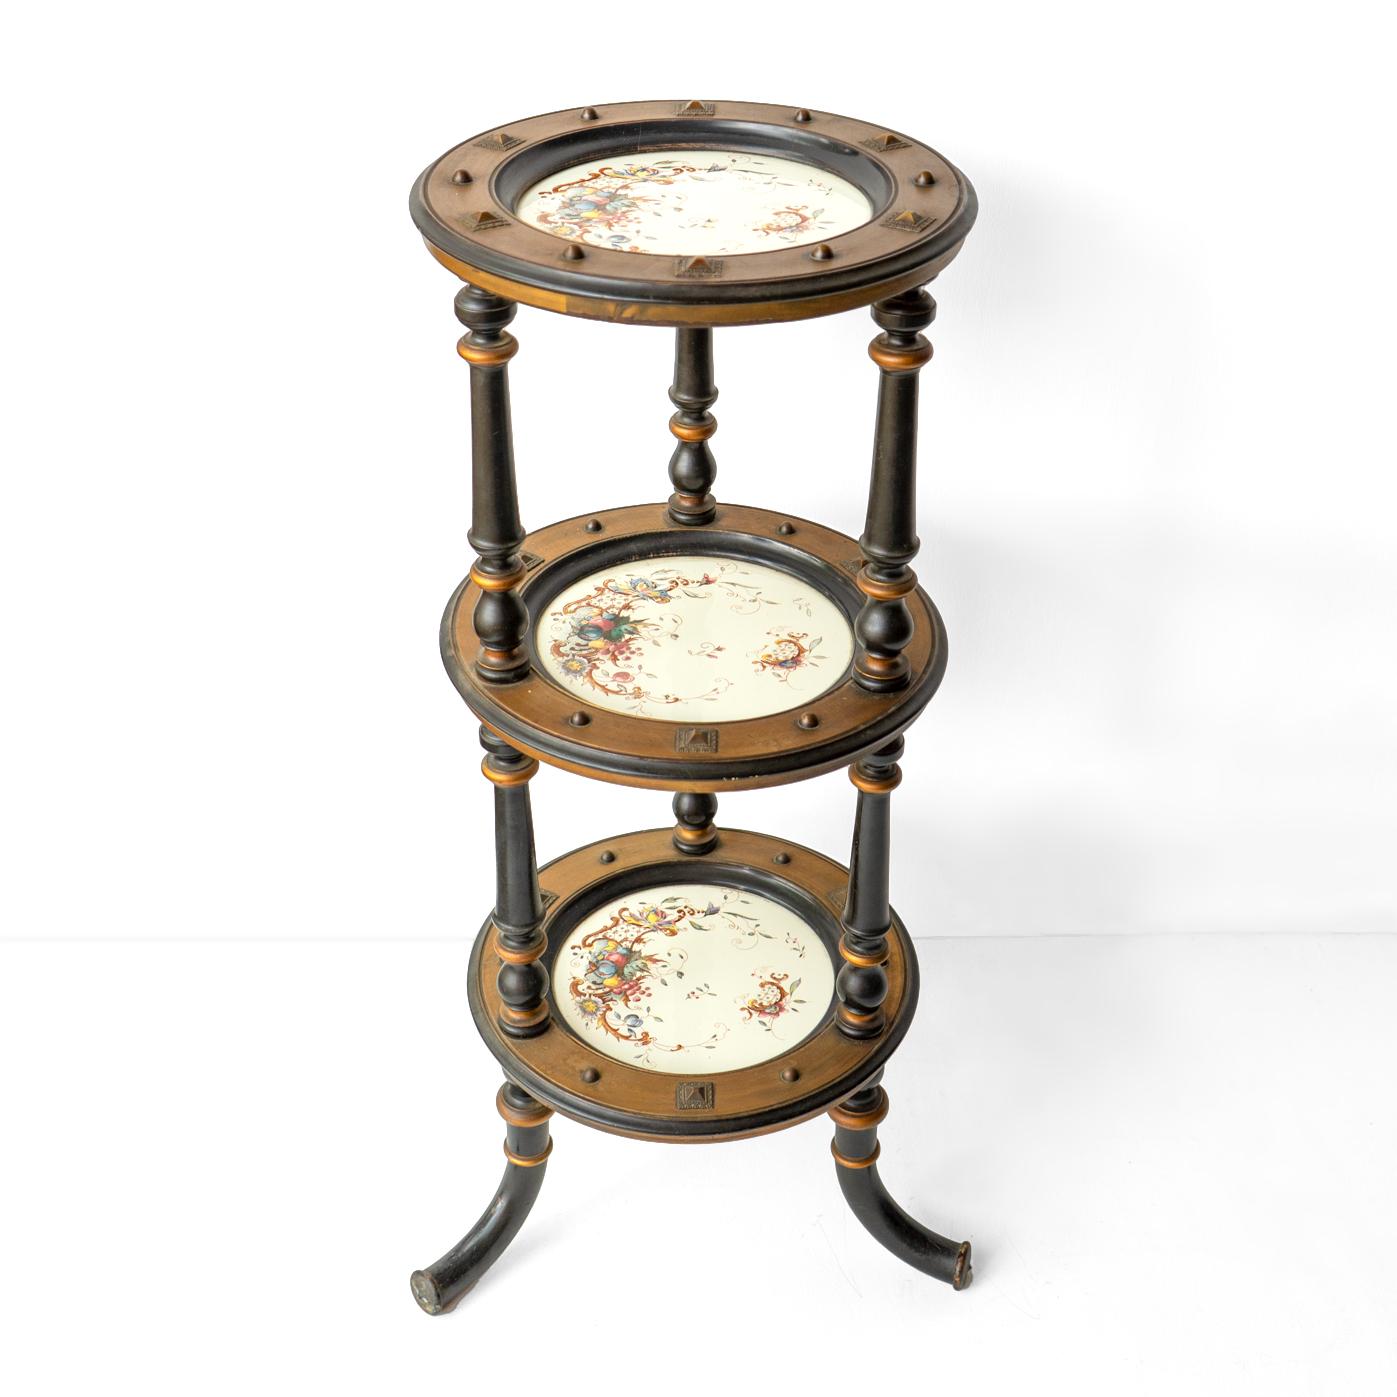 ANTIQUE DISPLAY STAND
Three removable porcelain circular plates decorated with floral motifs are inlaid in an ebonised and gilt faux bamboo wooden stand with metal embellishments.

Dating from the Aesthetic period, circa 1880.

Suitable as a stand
...
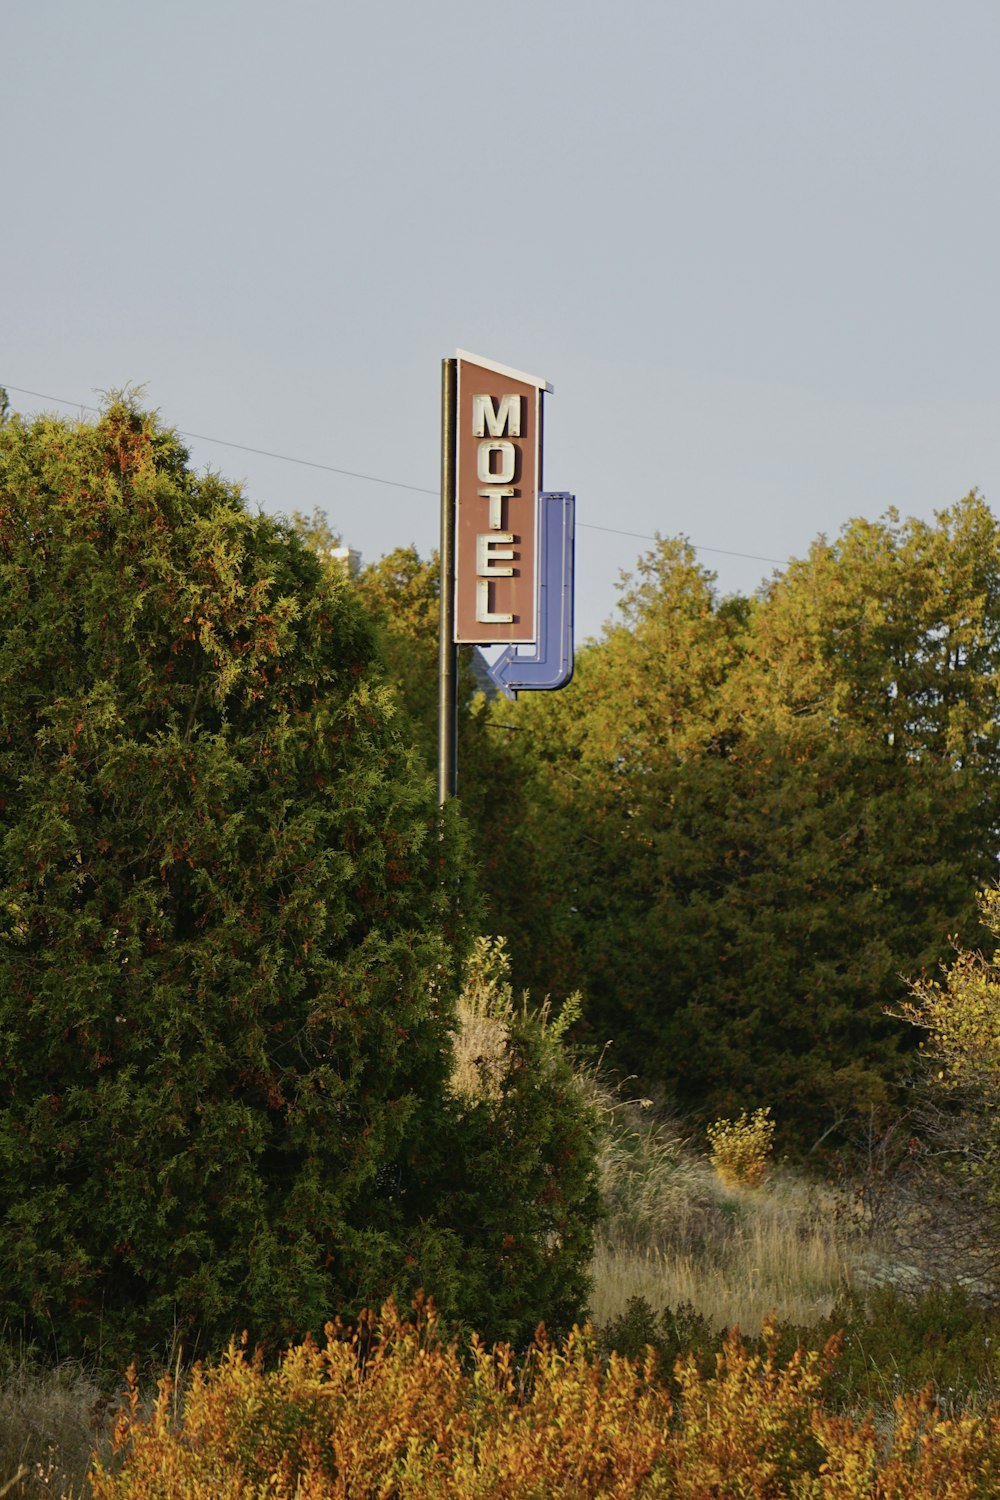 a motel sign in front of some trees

> DIRECTIONS
Write out again exactly the lines above from the one with "ANTIQUE DISPLAY STAND" through the one with "Suitable as a stand", adding no other lines and no pictures.

> ANSWER
 ANTIQUE DISPLAY STAND
Three removable porcelain circular plates decorated with floral motifs are inlaid in an ebonised and gilt faux bamboo wooden stand with metal embellishments.

Dating from the Aesthetic period, circa 1880.

Suitable as a stand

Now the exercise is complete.